Additionally, if, during the Employment Period, Employee shall materially breach
any of the terms hereof, MAC shall have the right to give notice of termination
of Employee's
-6-
services hereunder as of a date (not earlier than thirty [30] days from such
notice) to be specified in such notice; provided, however, that Employee shall
have the right during such 30-day period to correct such breach (if capable of
being corrected) or pay compensation which does not exceed MAC's reasonable
estimate of the aggregate loss, damage, deficiency or expense attributable to
such breach (if not capable of being corrected) and thereby avoid termination.

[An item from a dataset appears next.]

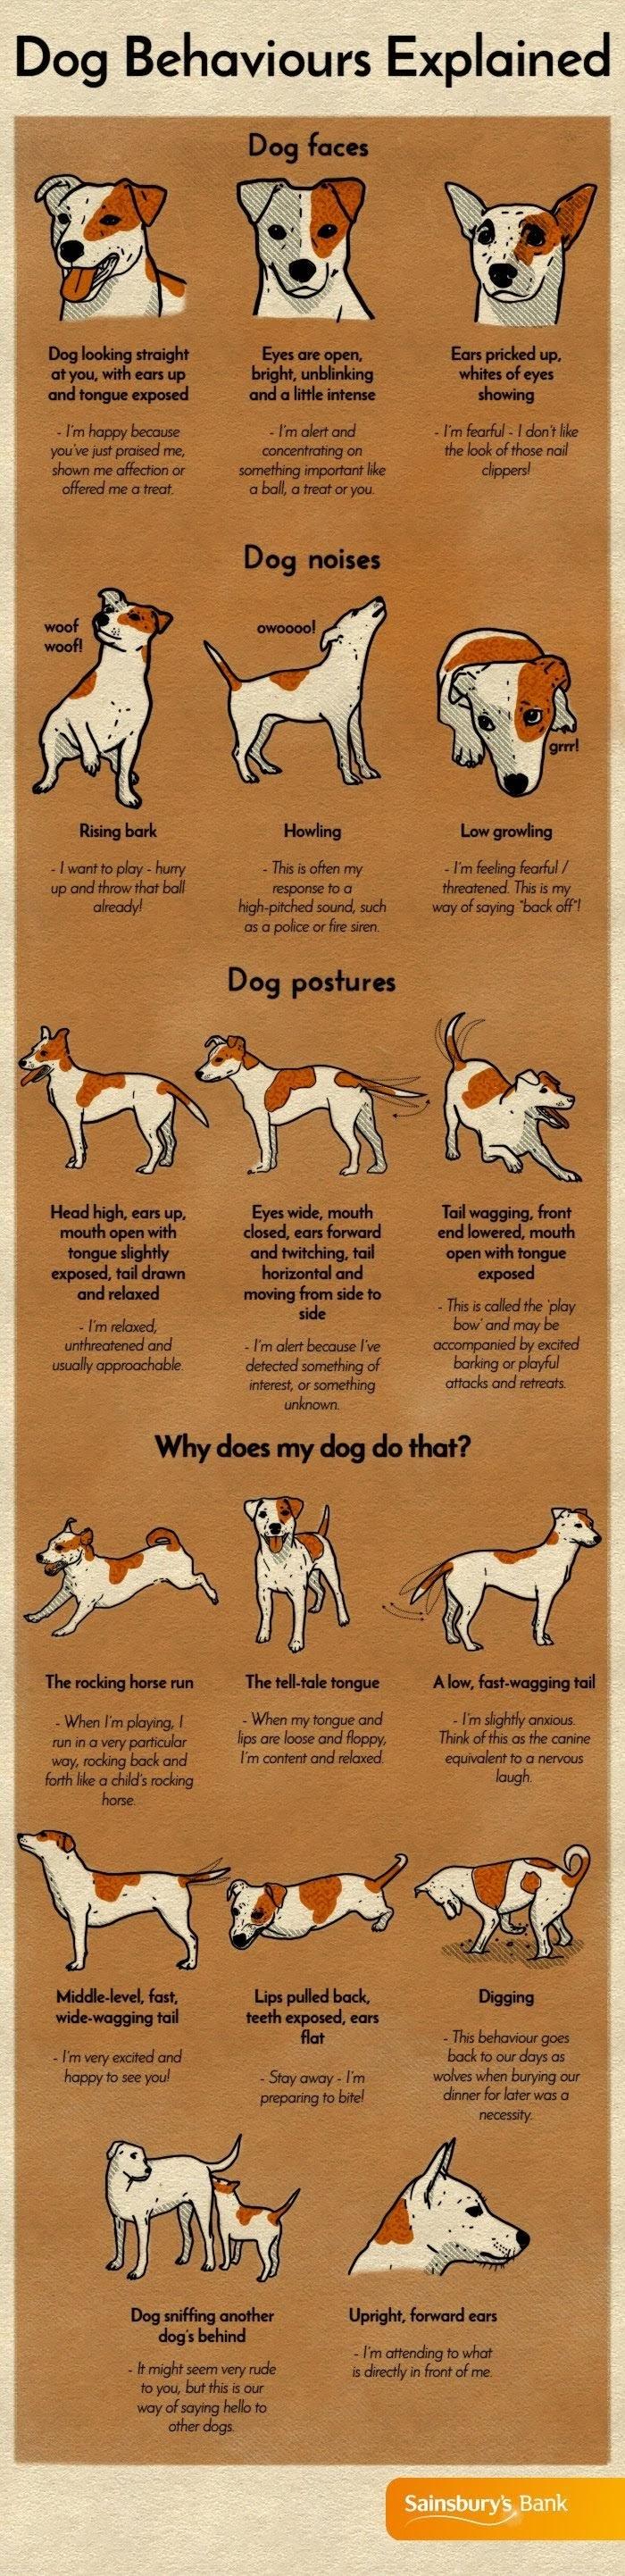 Dog behaviours explained #infographic
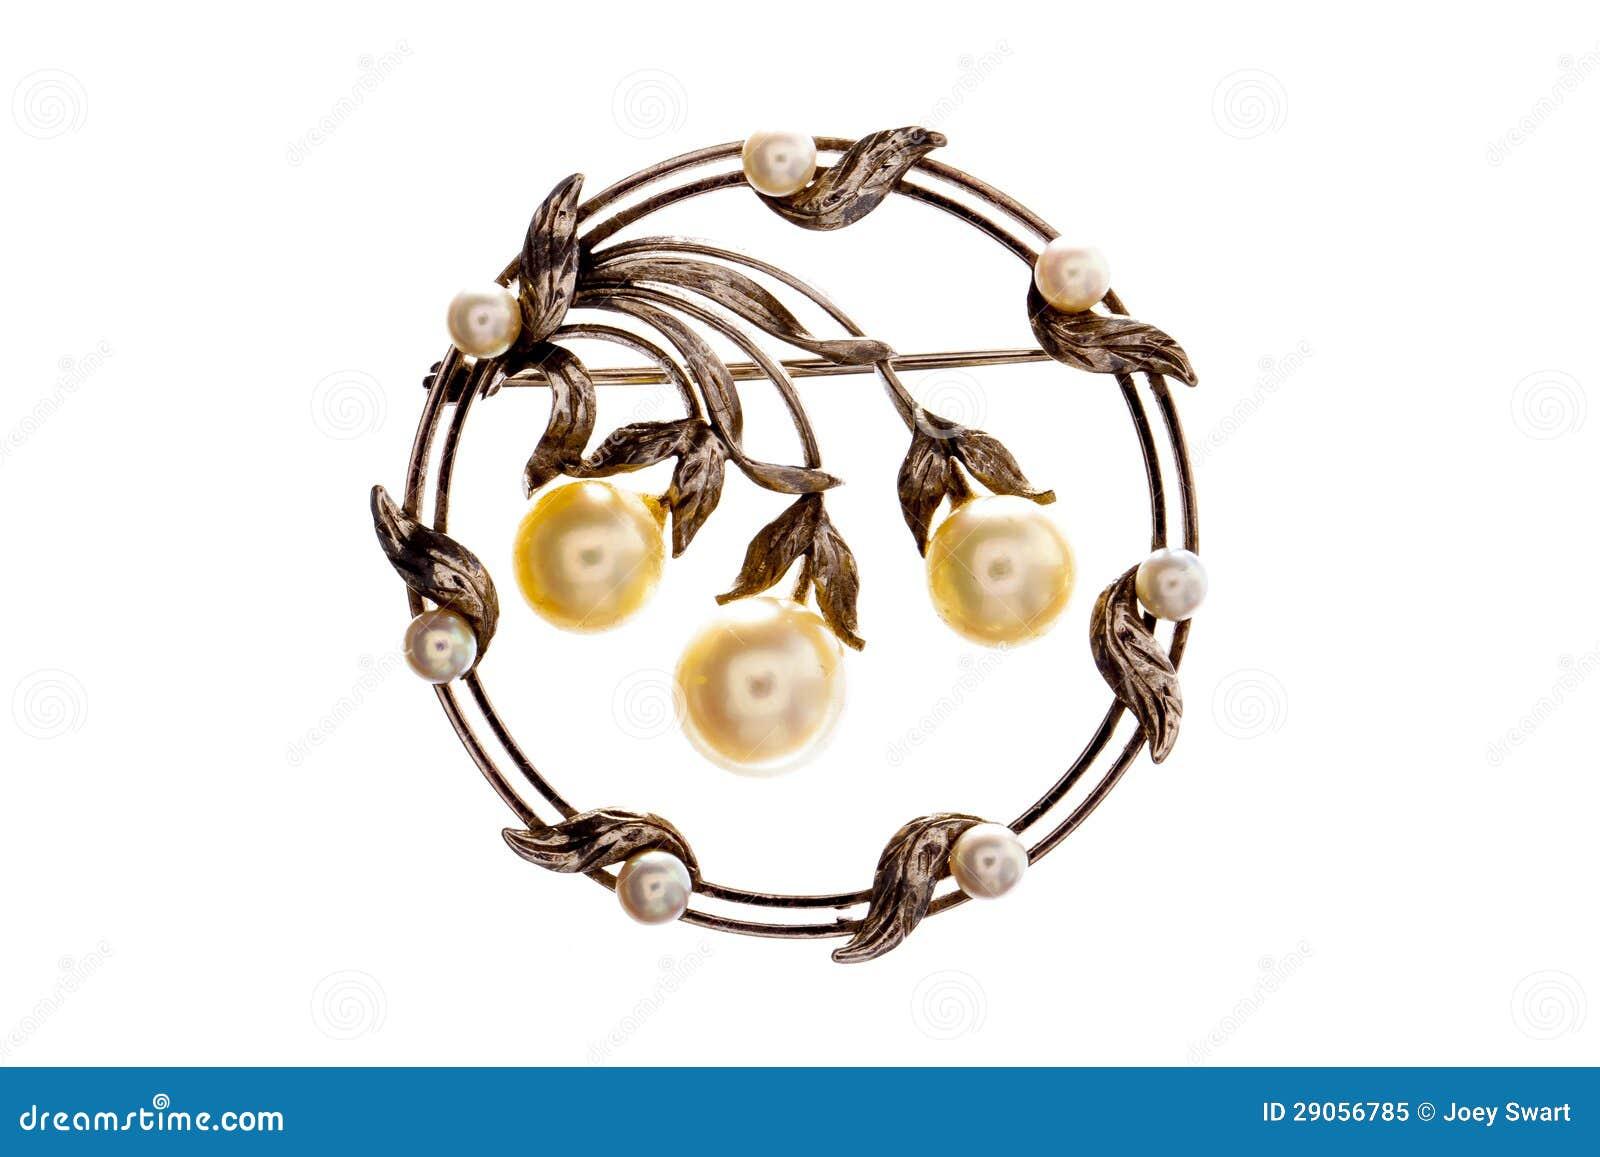 Victorian pearl broach.

(B) In the event of termination pursuant to Section 10(A): (i)
Employee (or his estate) shall be entitled to receive his salary at the rate
provided in Section 4 to the end of the calendar month in which termination
occurs; and (ii) Employee (or his estate) shall be entitled to incentive
compensation for portions of the year prior to the effective date of such
termination which is in the same ratio to the amount of incentive compensation
that would have been payable for the full year as the ratio of the portions of
the year prior to termination to the full year (such incentive compensation to
be determined and paid at the time provided for in Section 5 for the full year).
(C) If any legal action or other proceeding is brought for the
enforcement of this Employment Contract or because of a dispute regarding an
alleged breach, default or misrepresentation in connection herewith, the
prevailing party in such action or other proceeding shall be entitled to recover
reasonable attorneys' fees and other litigation costs (including cost of appeal)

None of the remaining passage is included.